TABLE 28.1. Available Community-Wide Benchmarking Services

Benchmarking Service Brief Description Reference
CASP Critical assessment for structural prediction. Several categories include homology modeling, fold recognition, de novo structure prediction. Disorder, domain, and functional predictions also included Moult et al. (1995)
CAFASP Critical assessment of fully automated structure prediction. Evaluation of methods that do now utilize expert interpretations Fischer et al. (1999)
EVA Continuously and automatically analyses protein structure prediction servers in ‘real time’ Eyrich et al. (2001)
EVAcon Continuous evaluation of inter-residue contacts in structure prediction Grana et al. (2005a), Grana et al. (2005)
LiveBench Similar to EVA but differs in methods of evaluation Bujnicki et al. (2001)
CAPRI Comparative evaluation of docking interactions in protein structure prediction Janin et al. (2003)
FORCASP Discussion forum for CASP enthusiasts

As the value of CASP has come to be appreciated by the community over the years, the project expanded benchmarking efforts to evaluate docking, domain boundary identification, protein disorder prediction, and functional prediction. An important addition that was introduced along the way was that of fully automated servers as opposed to predictions requiring significant human intervention. Table 28.1 summarizes the major classes of benchmarks employed by CASP.

The result of this ongoing community experiment has yielded interesting snapshots of performance and progress in the field over the years. Here, we review the history of CASP since its inception and highlight some important events that have helped to advance and fuel the field. Details of the technical strategies themselves, such as homology modeling, fold recognition, ab initio structure prediction, disorder prediction, domain boundary identification, and functional annotation are found in Chapters 30–32, 38, 20, and 21, respectively.

Participation from the community is absolutely necessary for the success of CASP (Moult et al., 1995). In CASP1, 34 groups participated from March through October 1994 with targets expiring at different dates during that period. A total of 34 predictions were submitted for 7 test candidates in comparative modeling; 20 targets were used for threading and ab initio structure predictions with 66 and 29 predictions submitted, respectively.
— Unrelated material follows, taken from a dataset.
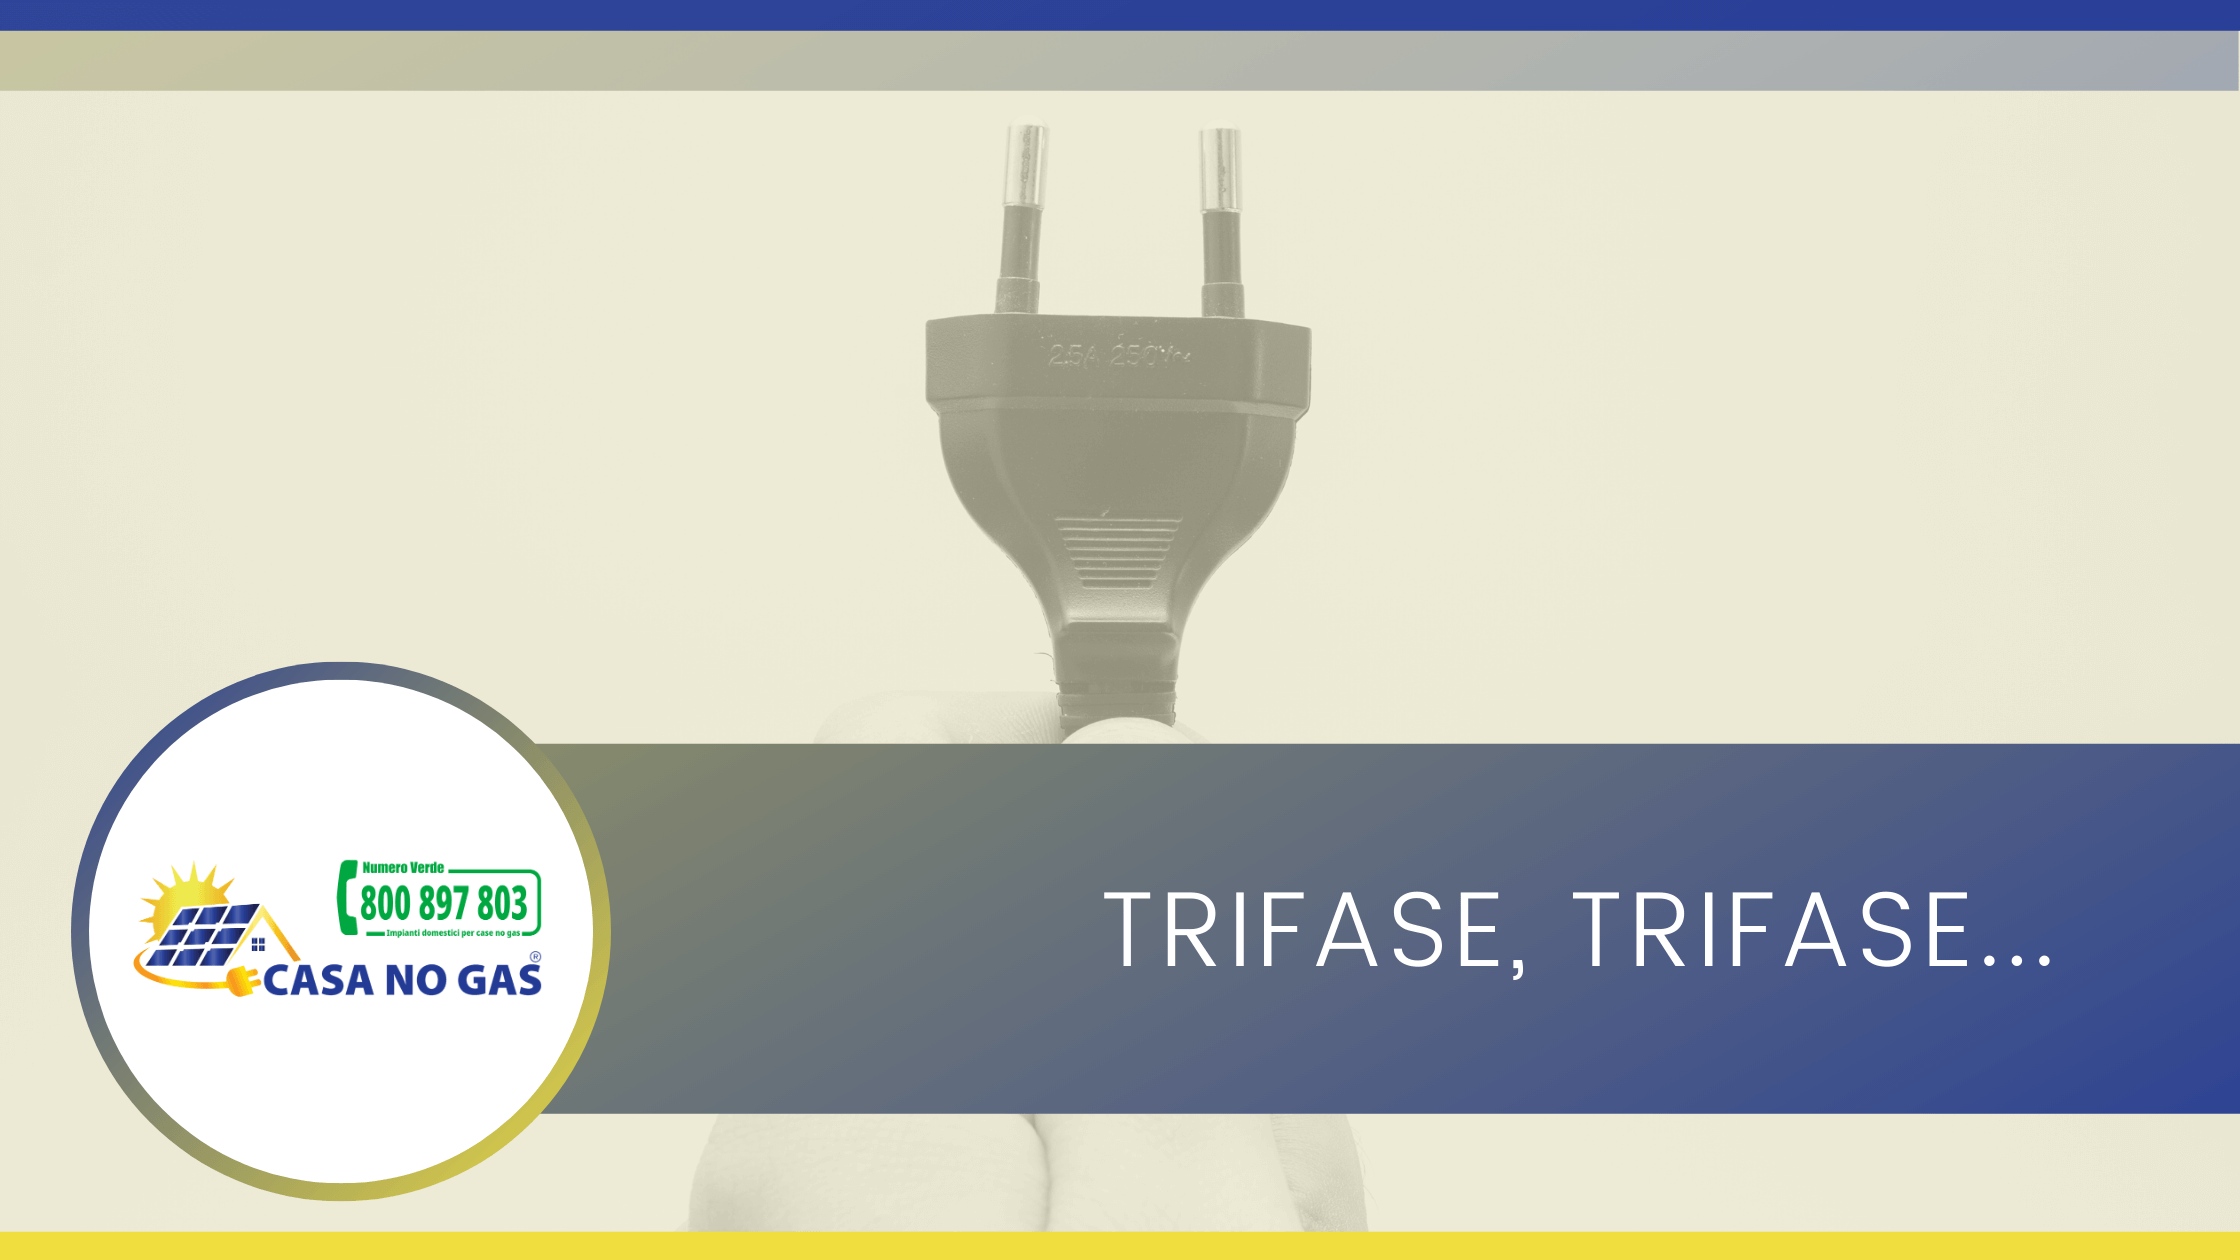 Trifase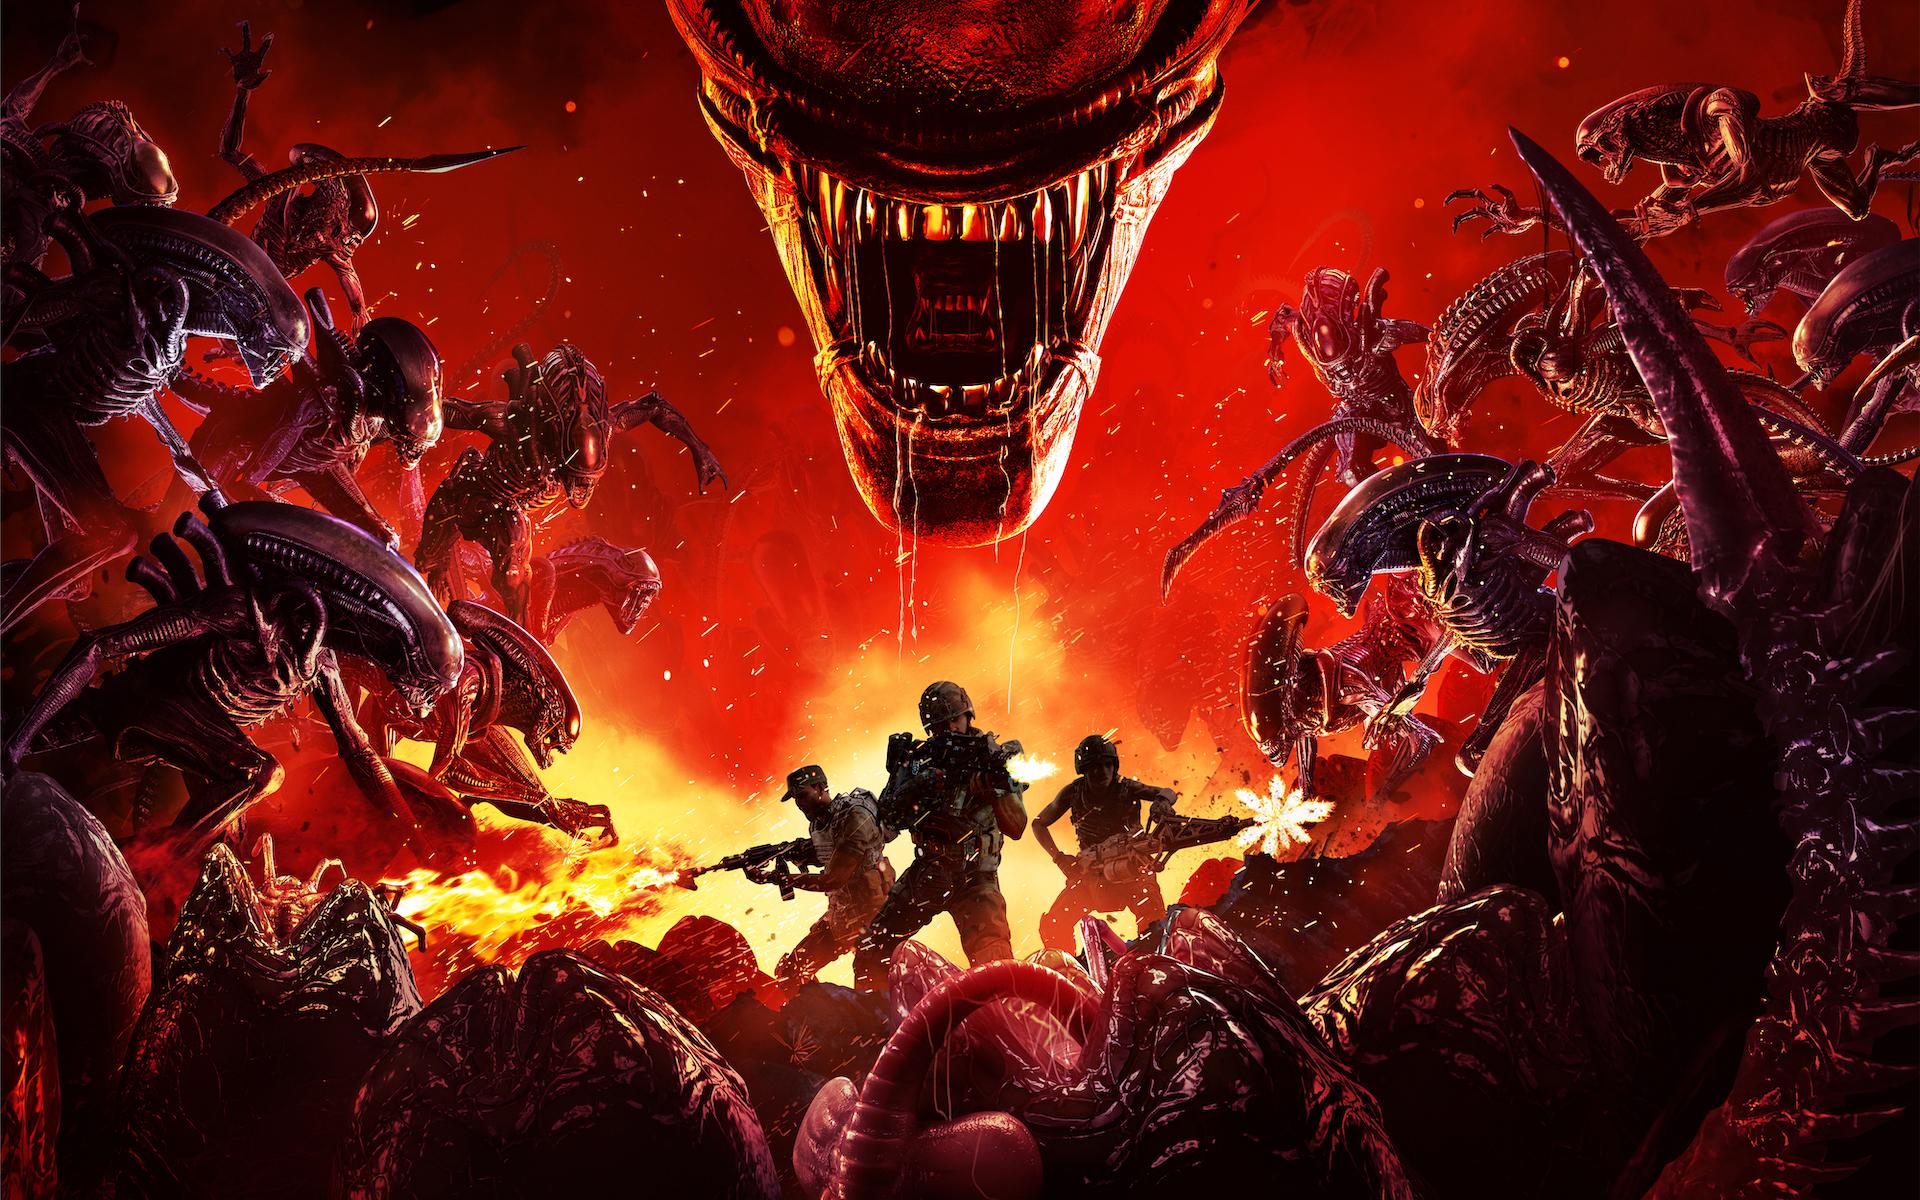 Key art for Aliens: Fireteam Elite, featuring three Marines taking on a swarm of Xenomorphs

The meeting to evaluate the performance of the first CASP1 experiment was held at the Asilomar conference center, California, in December 1994. It was determined during this first evaluation that there was a need to develop better measures to gauge the success of predictions. Simple statistical tests did not evaluate all the features needed for successful model prediction. Moreover, it was established that results were biased by the time each group spent on a single prediction, which is not a true measure of the method itself. To circumvent this issue, in CASP2 onwards, participants were permitted to submit several predictions for each target.

Comparative modeling approaches were found to be challenged by obtaining the proper sequence alignment or target sequence to template and loop regions, insertions and deletions were not well modeled (Mosimann, Meleshko, and James, 1995). Inclusion of models containing fundamental errors suggested that minimal testing of model coordinates should be required before papers referencing these models are to be accepted for journal publication. The most disturbing finding was the presence of D-chirality for some of the Ca carbons and incorrect chirality for some beta-branched threonine and isoleucine residues. Out of the 43 predicted structures, 14 contained an example of this incorrect enantiomorph most likely arising during the energy minimization step used to refine these models. A significant number of predictions had the planar peptide dihedral angle deviating by more than ±15° from the plane (well-refined structures did better with ±6° from the plane. The distribution of Image, ψ dihedral angles often deviated significantly from the groupings typically seen in a Ramachandran plot that is made using experimental protein structures. As expected, the root-mean-squared deviation (RMSD) between the models and the template was lowest for models with high sequence identity to the target.

Structure prediction of proteins with little or no sequence homology to proteins with known structure required the use of threading methods. Assessment of threading methods indicated that, in many cases, they were capable of identifying the correct fold but alignment was an issue (Lemer, Rooman, and Wodak, 1995). A major contributor to the success of fold recognition was attributed to the importance of hydrophobic interactions in defining the protein core. Fold identification was considered correct if the predicted structure was aligned to the template with an RMSD ≤ 3Å based on Ca atoms. Different methods were better depending on the type of fold. This raised the idea of using consensus methods that we will come back to shortly.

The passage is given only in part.